Saturday 14 February 2015

Seed: A Return to Sacred Meaning


Seed: A Return to Sacred Meaning
We like to celebrate the coming of the New Year. It is the end of a twelve month cycle of the four seasons and the beginning of a new one. Twelve is the number of completion, forming a whole, a perfect and harmonious unit. In ancient civilisations it corresponded to the plenitude, the completion of a thing. It expresses the idea that the Universe forms a whole.
In the New Year we all hope for new and favourable beginnings. We do not always know what it is or how to articulate it, but deep inside there is a longing, to live according to a true calling that comes not from the personality but from a deeper part of ourselves that is connected to a greater whole that, if we recognise, opens a door to a different experience of life. It offers the possibility that we can see and experience and connect to life in a new way that enables us to participate differently and more deeply , from an awareness of a great and unfolding mysterious whole of which we are a part.

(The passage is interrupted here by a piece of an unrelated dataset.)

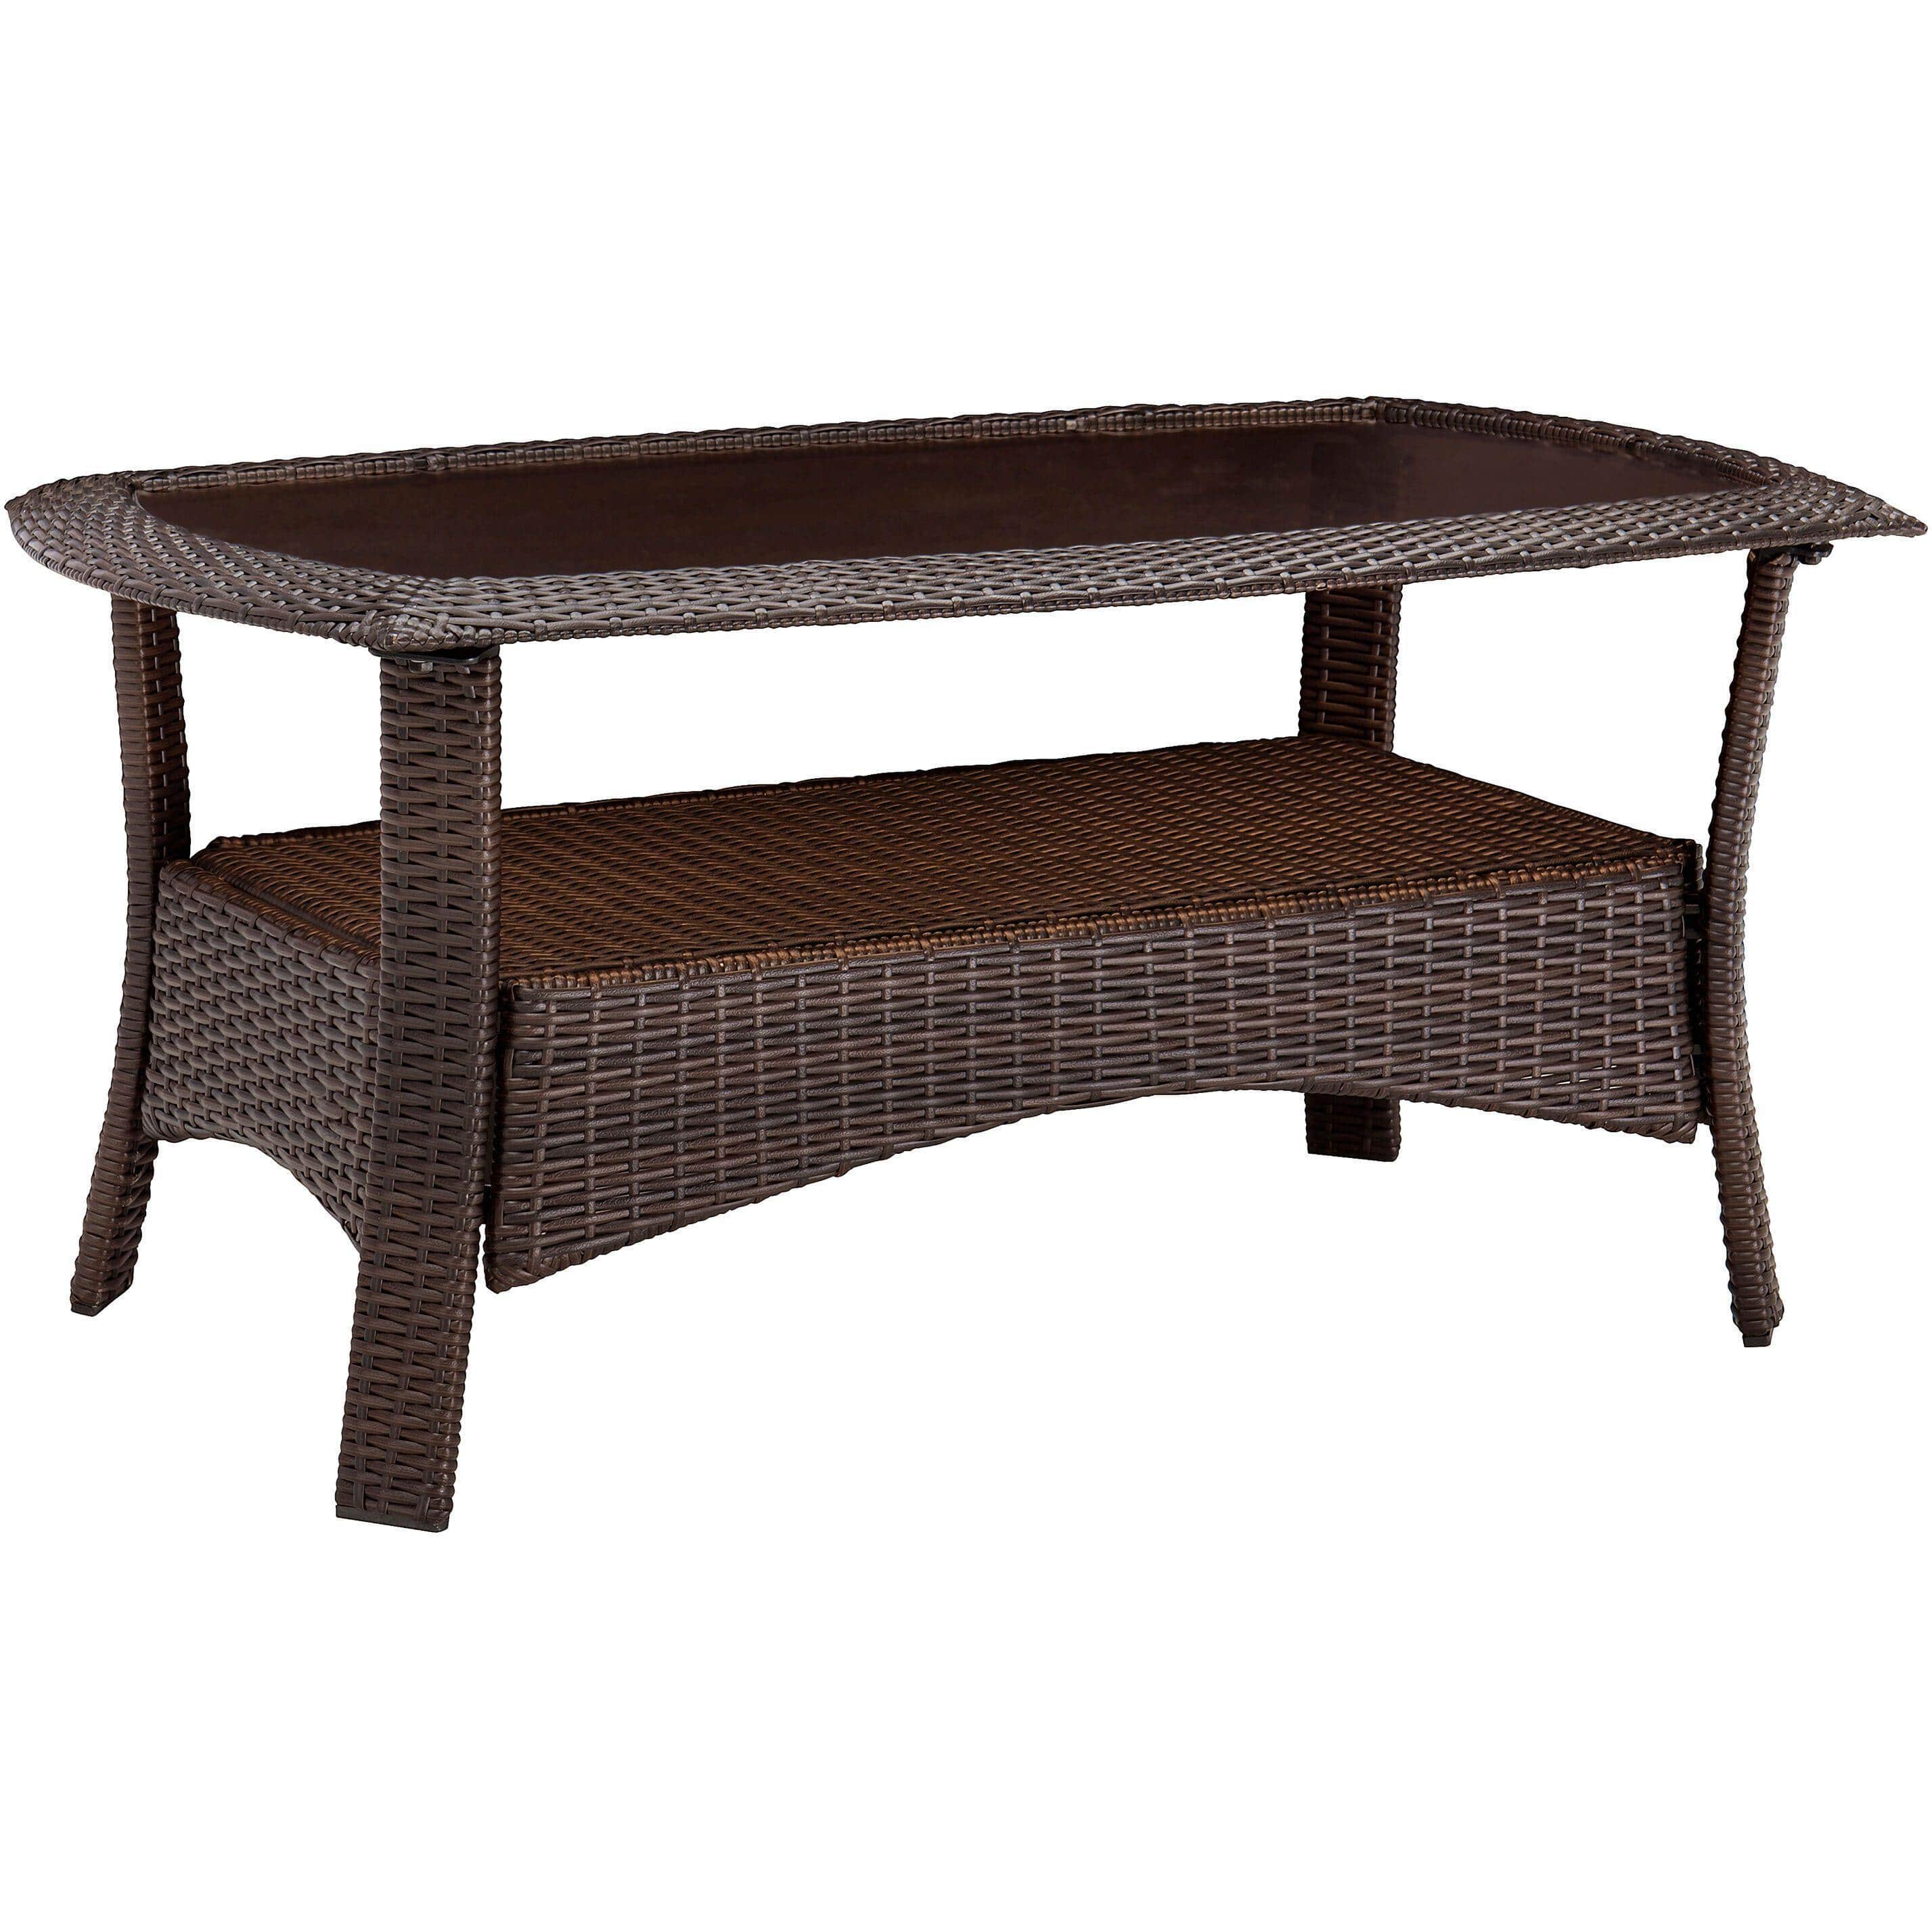 Hanover Accessories Hanover - Strathmere 25-In. x 41-In. Woven Patio Coffee Table with Tempered Glass Tabletop

This emergence of the new light, a new beginning in the winter, also belongs to a mystery of light and dark that we have always been part of. So although it may appear to be an end of a cycle, we are really participating in a mystery that has been celebrated in every culture over thousands of years of recorded history . I call it a participation of being. The need to participate with a greater awareness evokes in me the image of the seed and the question: in today's culture, what are we really rooted in? We wish for a fresh start, like a new seed, a new growth. The power of a seed is unimaginable. Within it lies the mystery of time, the cycle of seasons and of death and rebirth. It possesses both masculine and feminine qualities which are in constant creative dialogue. From the dark womb of the feminine the direct force of the masculine emerges and shoots up into the light. Light and dark are in constant relationship. The seed is also both the centre and the circumference, calling us to remember the sacred nature of life, the inter connected language of the universe, a song of oneness communicating to us and telling us, again and again, that we too are partaking in a primordial whole.

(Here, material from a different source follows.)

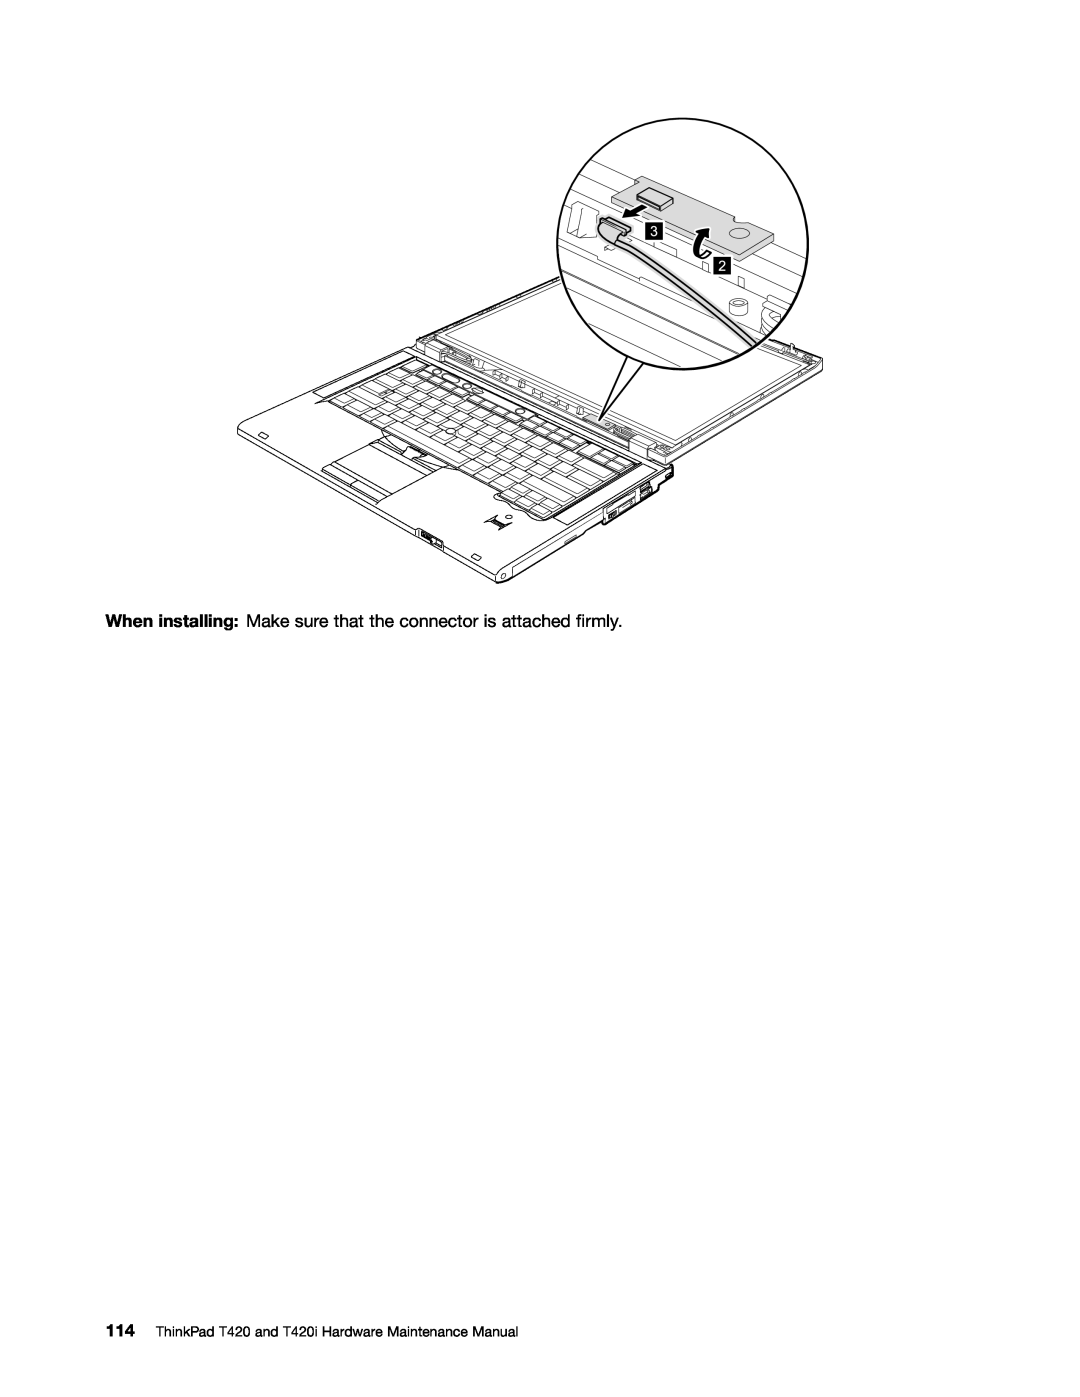 Lenovo T420i manual When installing Make sure that the connector is attached firmly

When we begin to realise this, we begin to participate in the great mystery of being that is so central to our existence. We begin to realise we are rooted in a greater rhythm, the reality of a greater whole which is at the same time unique to each of us. If and when we begin to live from such awareness, it could bring with it a very different understanding, so essential to the quality of our life, providing us a new sense of our roots.
Returning to such awareness is a returning to the language of life, no longer from a place of separation but from a place of sacred communion.When we hold this awareness within our body we become a full participant with the earth and the cosmos­ at that moment something is allowed to live according to its true nature. We remember. That which is remembered lives. When we hold this consciousness in our heart, we naturally offer it back to life. This not only gives life meaning, but like a seed, revitalises it. We then participate not only in the mystery of our own being but in the whole wonder of creation.